А Вавилон, многократно разрушенный…
Кто его строил снова и снова? В каком из кварталов
Сверкающей золотом Лимы жили строители?
Куда побрели в тот вечер, достроив Китайскую стену,
Каменотесы?
Рибенлам читал медленно и деловито, но в голосе его звучало такое раздумье, словно не поэт, а он сам задавал все эти вопросы. Кончив читать, Рибенлам с напряженным вниманием оглядел класс, и на его лице отразилось удовлетворение.
— Ага, — сказал он, — мы движемся вперед. Выражение у вас как раз такое, какое и должно быть. Словно вам кто-то глаза открыл. Вошел поэт с портфелем в руке… Кстати, как его фамилия? Знает кто-нибудь?
Роберт поднял руку и сказал, что фамилия поэта Брехт и, если можно, он хотел бы еще добавить, что стихотворение — просто блеск.
— Можно, — разрешил Рибенлам и обратился к классу. — А не придерживается ли кто-нибудь иного мнения, чем… да, как вас зовут? Исваль, электромонтер? Есть другие мнения?
Он обвел взглядом класс и, заглянув в список, сказал:
— Фрейлейн Роза Пааль, птичница, я заметил протест в движении ваших бровей. А ну-ка выскажите его вслух! Мы все полны нетерпения.
Роза Пааль поднялась, долго молчала, а потом вдруг выпалила:
— Но разве это стихотворение?
Она испуганно села и спряталась за спину сидевшего впереди Квази Рика.
— Фрейлейн Роза Пааль, — торжественно произнес Рибенлам, раскрывая записную книжку, — получает первую пятерку в истории рабоче-крестьянского факультета нашего уважаемого университета. За что? За то, что она сказала «но». Подумала «но» и высказала его вслух. Посмотрите на нее, берите с нее пример. Итак, записываю: «Фрейлейн Роза Пааль, птичница и студентка, получает пятерку за правильное поведение на уроке». Что же касается ее вопроса по существу, то я ограничусь всего лишь кратким утвердительным ответом. Да, это стихотворение, хотя оно и без рифмы. Почему? На этот вопрос вам ответят на уроке литературы, а мы с вами будем держаться поближе к истории. Она необъятно велика, а вот количество часов, отведенное на нее учебным планом, совсем невелико. А раз так, друзья, вернемся к вопросам Бертольта Брехта и к первому правилу нашего нового подхода к истории. «Кто возвел семивратные Фивы?» — вот что нас интересует, вот какой вопрос мы будем отныне задавать всегда. И, проанализировав полученные ответы, мы в один прекрасный день начнем понимать, что такое история.

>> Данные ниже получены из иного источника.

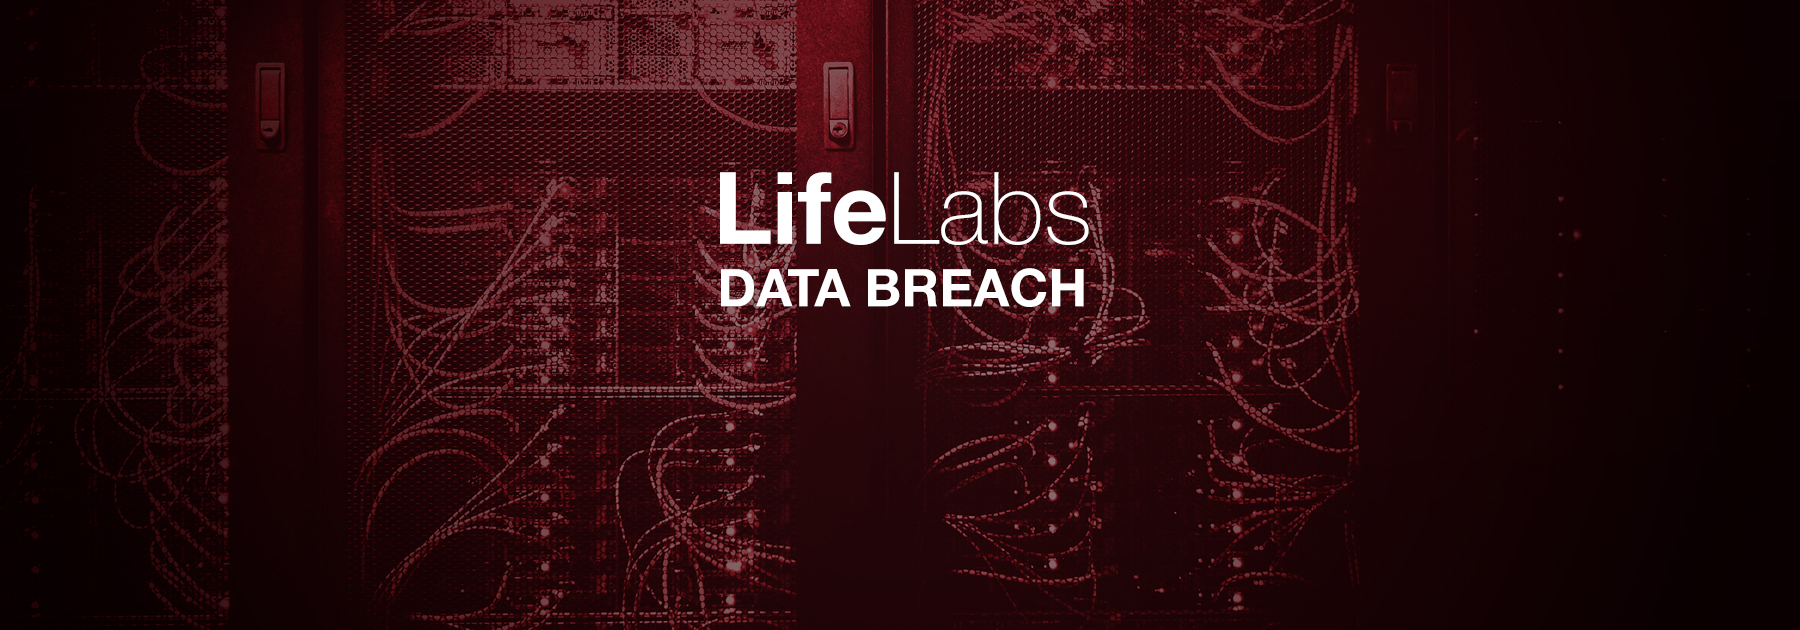 lifelabs data breach case study

Когда прозвенел звонок и Рибенлам вышел из класса, Трулезанд обернулся к Якобу Фильтеру и весело спросил:
— Ну как, лесник, все еще трусишь?
Якоб поднял глаза от тетради и осторожно ответил:
— Да нет, пожалуй, истории я не боюсь. Но вот сейчас математика…
Математик, доктор Лазарус Шика, никому не давал спуску, это сразу было видно. Он тут же встал в позу, которая, как вскоре выяснилось, была его излюбленной, — вытянулся по стойке «смирно», пятки вместе, носки врозь, живот подтянут, грудь колесом, — взял указку обеими руками и, держа ее под самым носом, произнес:
— Первое. Из всех предметов, которые вам с сегодняшнего дня придется изучать, важнейший — математика. Второе. То, чем вам предстоит пока заниматься, — еще не математика, а арифметика. И мне это в тягость. Третье. Я воздаю должное старанию и терпению, но принимаю в расчет только результаты. Понятно?

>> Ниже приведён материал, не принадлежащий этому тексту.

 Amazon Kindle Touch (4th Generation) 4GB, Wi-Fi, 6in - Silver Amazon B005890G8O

Послышался легкий гул одобрения, а Трулезанд сказал вслух:
— Ну конечно, понятно!
Доктор Шика ткнул в него своей указкой и любезно спросил:
— Вы полагаете? Тогда разъясните, пожалуйста!
Трулезанд приступил к делу со всей обстоятельностью.
— Предположим, вы поручили мне построить дом — я плотник. Я из кожи вон лезу, пот катится градом — кто ни приходит на стройку, скорей надевает резиновые сапоги. Вот это и есть старание и терпение. А теперь перейдем к результатам. Если в день переезда все это сооружение обрушится вам на голову, то результат вам не понравится и вы, позабыв о моем поте, потащите меня в суд, верно?
— Наглядное объяснение, — заметил Шика.
А Роберт сказал:
— Только вот мы не дом вам строим, а хотели бы с вашей помощью уяснить, как нам добраться до математики.
Шика сделал легкий поклон в его сторону:.
— Первое. Прежде чем что-то сказать, полагается просить слова. Второе. Я не застройщик, а вы не представитель профсоюза строителей. Я знаю свои права и обязанности. Третье. Дискуссия окончена, начинается работа. Возьмите карандаш и бумагу, считайте…
Ненависть Роберта к арифметике была такой необоснованной и наивной, что время от времени он и сам чувствовал, насколько это комично и недостойно. В плену один человек, решивший заняться исправлением мира с помощью психоанализа, говорил ему, что все особенности индивидуума, его причуды и таланты, коренятся в переживаниях детства, и Роберт, часами лежа на горячем песке аппельплаца, раздумывал о своей ранней юности и о причинах такой аллергии. Нет, он не мог вспомнить ни одного события, которое хоть в какой-то мере объясняло бы его страх перед числами. Был только один случай, когда арифметика сыграла в его жизни довольно большую роль, но случай этот, если верить теории того человека, должен был скорее приохотить Роберта к математике, чем от нее отвратить.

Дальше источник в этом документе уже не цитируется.